Franklin Templeton’s Notes from the Trading Desk offers a weekly overview of what their professional traders and analysts are watching in the markets. The European desk is manned by eight professionals based in Edinburgh, Scotland, with an average of 15 years of experience whose job it is to monitor the markets around the world. Their views are theirs alone and are not intended to be construed as investment advice.
Markets were expected to be quiet last week as US investors took Thanksgiving vacations, but news of the COVID-19 variant that emerged in South Africa (named Omicron) shook sentiment on Friday, prompting sharp declines. With that, we saw some significant weekly moves; the MSCI World Index was down 2.7%, the European Stoxx 600 Index was down 4.5% (its worst weekly performance since 2020), the S&P 500 Index down 2.2% and the MSCI Asia Pacific Index continued with its underperformance, down 2.9%.
Omicron Variant Threat Spooks Investors
Equity markets plunged last Friday on the Omicron (B.1.1.529) COVID-19 variant headlines, as there were concerns it has a high number of mutations in the spike protein (reducing vaccines’ ability to recognise and fight it off) and the variant is more transmissible than the previous Delta variant. The Financial Times reported that early PCR results suggest 90% of 1,100 new cases last Wednesday in the Gauteng region of South Africa (Johannesburg) were caused by the new variant. The rapid spread of new cases prompted the United Kingdom into action, with travel bans on six African countries. The UK Health Security Agency said it was the “most worrying” variant yet.
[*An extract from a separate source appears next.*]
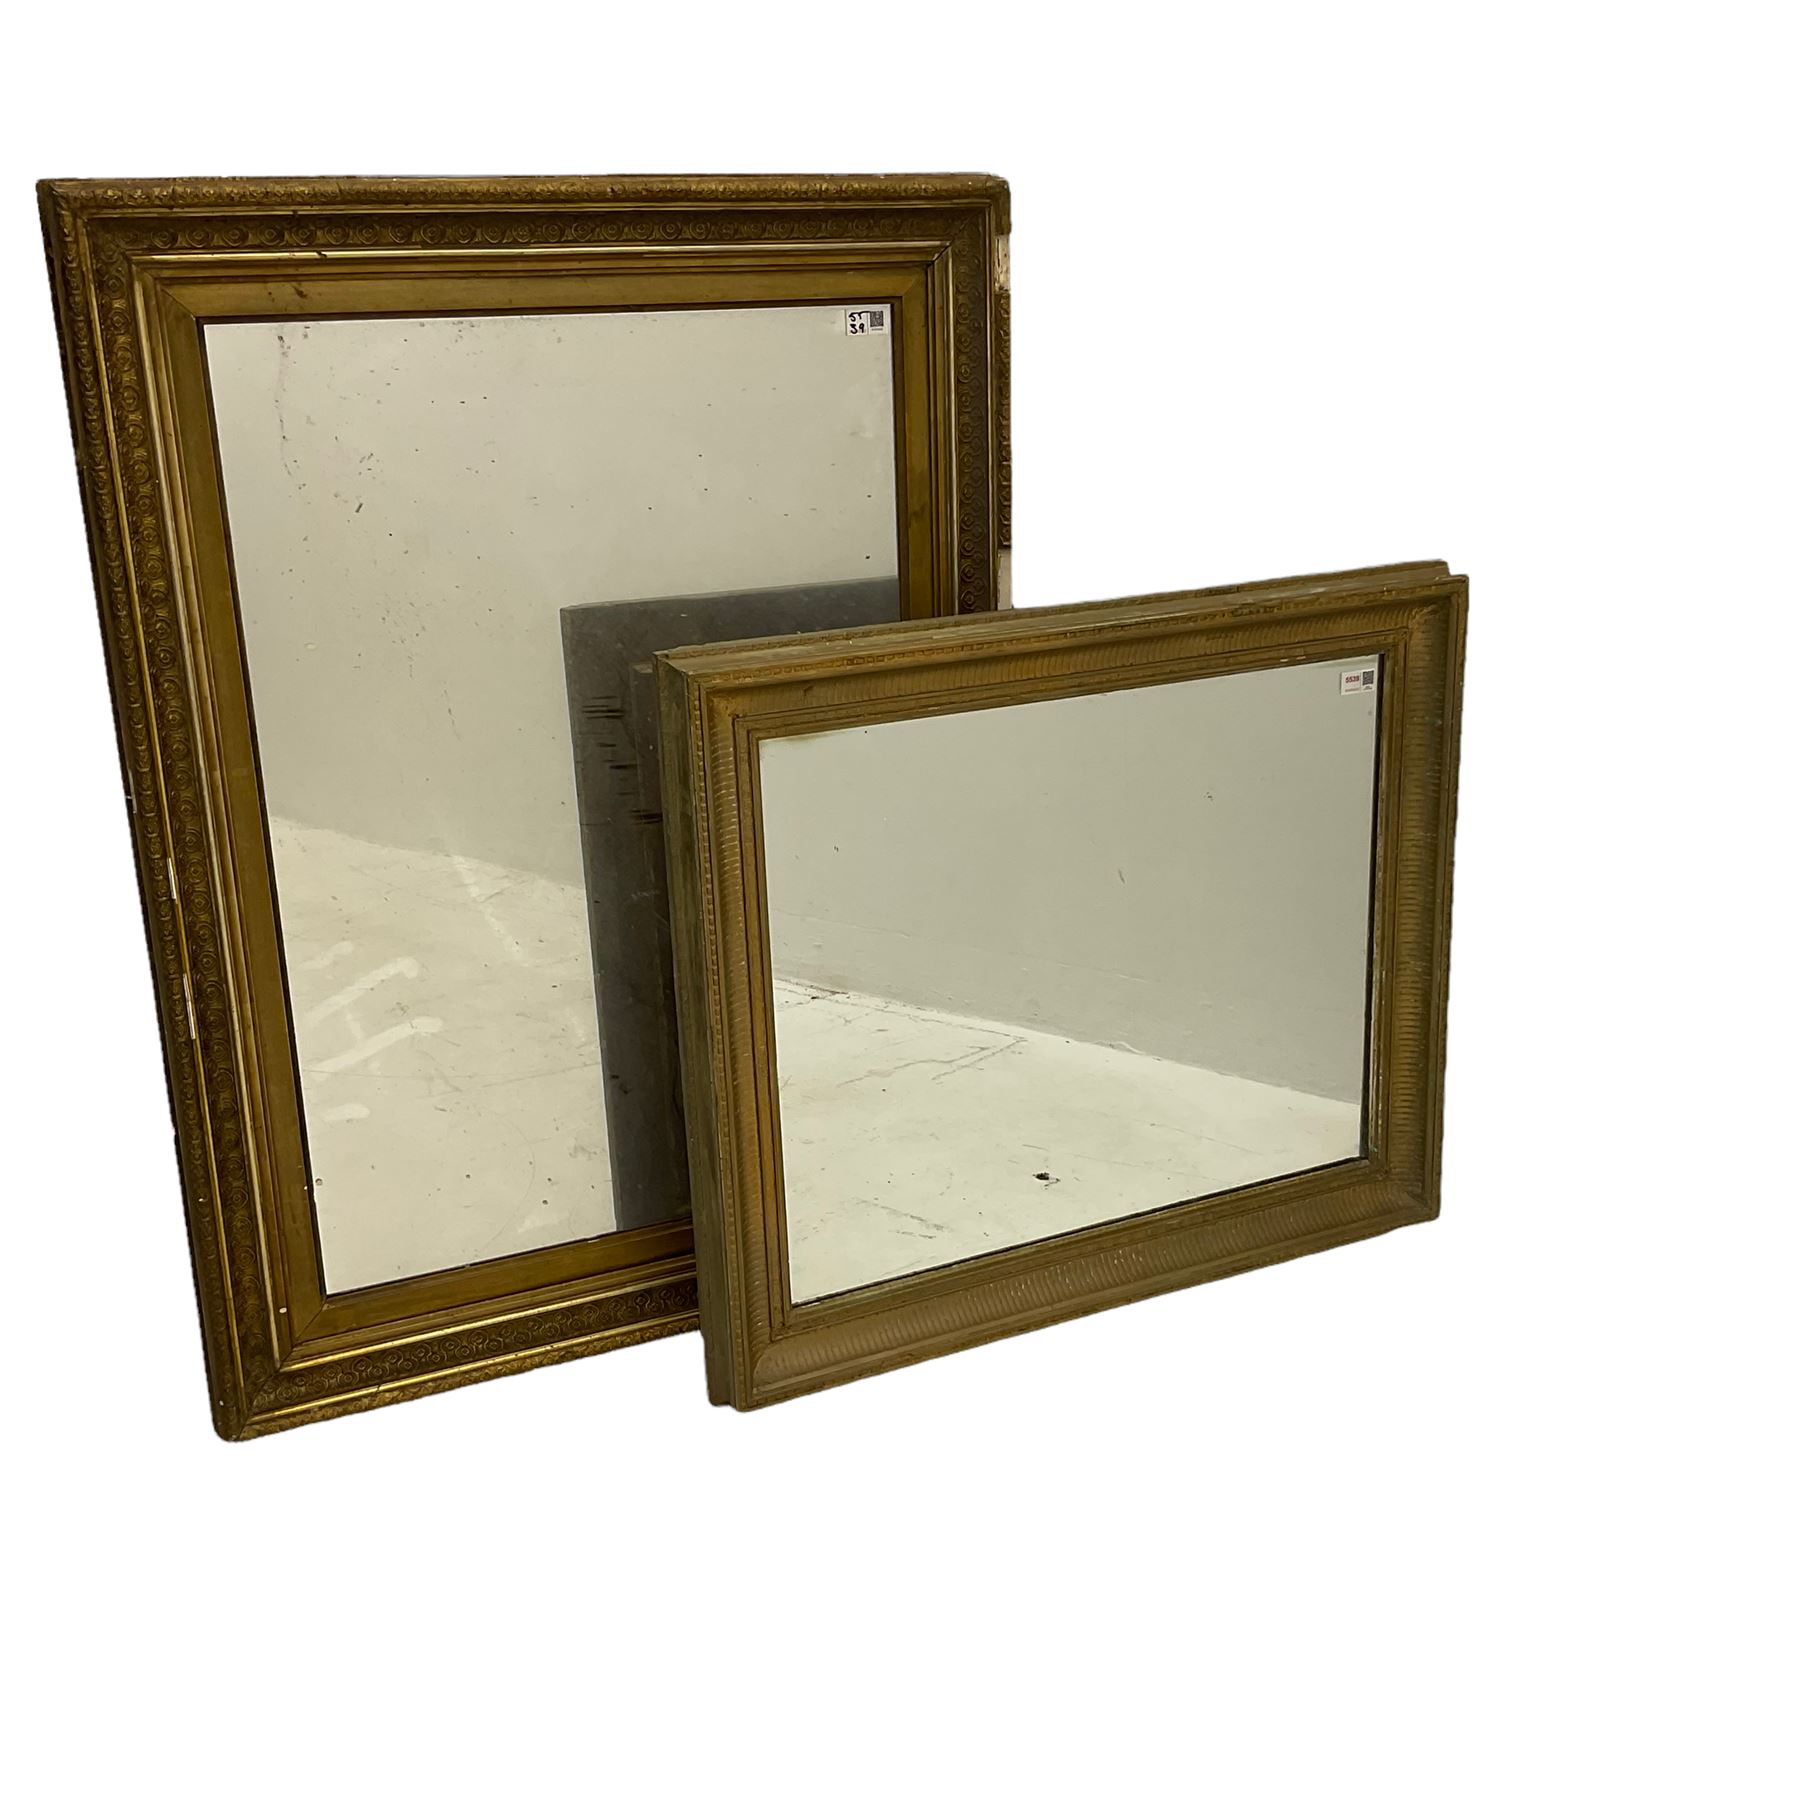 Rectangular mirror in gilt frame (78cm x 104cm)
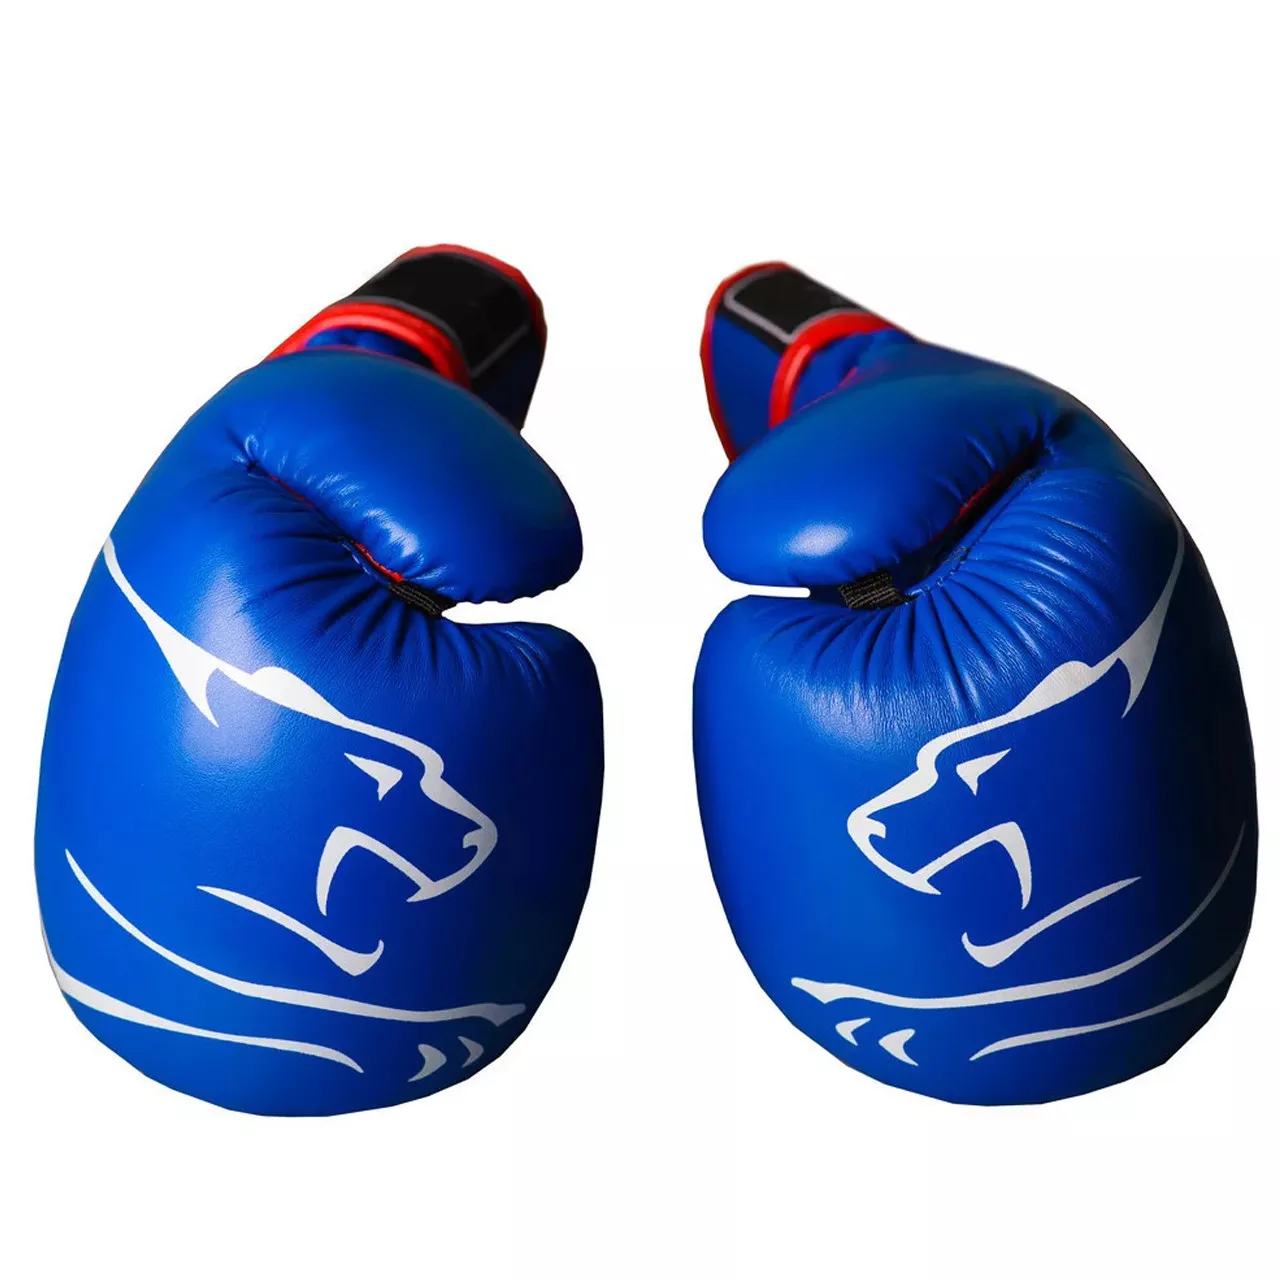 Боксерские перчатки PowerPlay 3018 синие 8 унций

Since this news broke, a growing number of countries have confirmed cases of Omicron and further travel restrictions are being put in place; Japan announced it was closing its borders to foreign travelers once again. Regarding the virus, it is reported that some South African health officials suggested “no unusual symptoms have been reported following infection with the B.1.1.529 variant and as with other variants some individuals are asymptomatic”. It is also reassuring Moderna is trading up 10% pre-market after saying that a vaccine will be ready early next year.
However, details at this stage remain light and it thought it could take around two weeks for scientists to fully understand Omicron.
Asian markets were the first to fall sharply last Friday, with Hong Kong’s Hang Seng Index down 2.7% and Japan’s Nikkei Index down 2.5%, the worst-performing markets in that region. Europe followed suit, with the European Stoxx 600 Index seeing its worst weekly performance since October 2020, with the index finishing down 4.5% and every single subsector down on the week. The European Volatility Index rose 63%.
Nerves regarding the COVID-19 situation in Europe were already brittle, given the rising cases in many countries and fresh lockdown measures being enforced or discussed, so Friday’s news prompted a further sharp unwind in the travel and leisure space; “stay at home” stocks held up well, down just 0.5% Friday, while “reopening” stocks slumped 9.4%. In addition, banks and oil and gas also lagged as the recent rotation into value comes to a halt. West Texas Intermediate crude oil fell 13% Friday on fears fresh travel restrictions may dent demand for crude oil. No surprise to see defensive sectors outperform in such a risk-off environment, with utilities and health care outperforming.
The risk-off theme was clear across asset classes, with the US 10-year Treasury yield tightening by around 15 basis points (bps) to 1.47%, one of the yield’s sharpest declines in recent times. In the foreign exchange markets, the Japanese yen and Swiss franc strengthened, and elsewhere, credit spreads also widened as the news hit corporate default swaps.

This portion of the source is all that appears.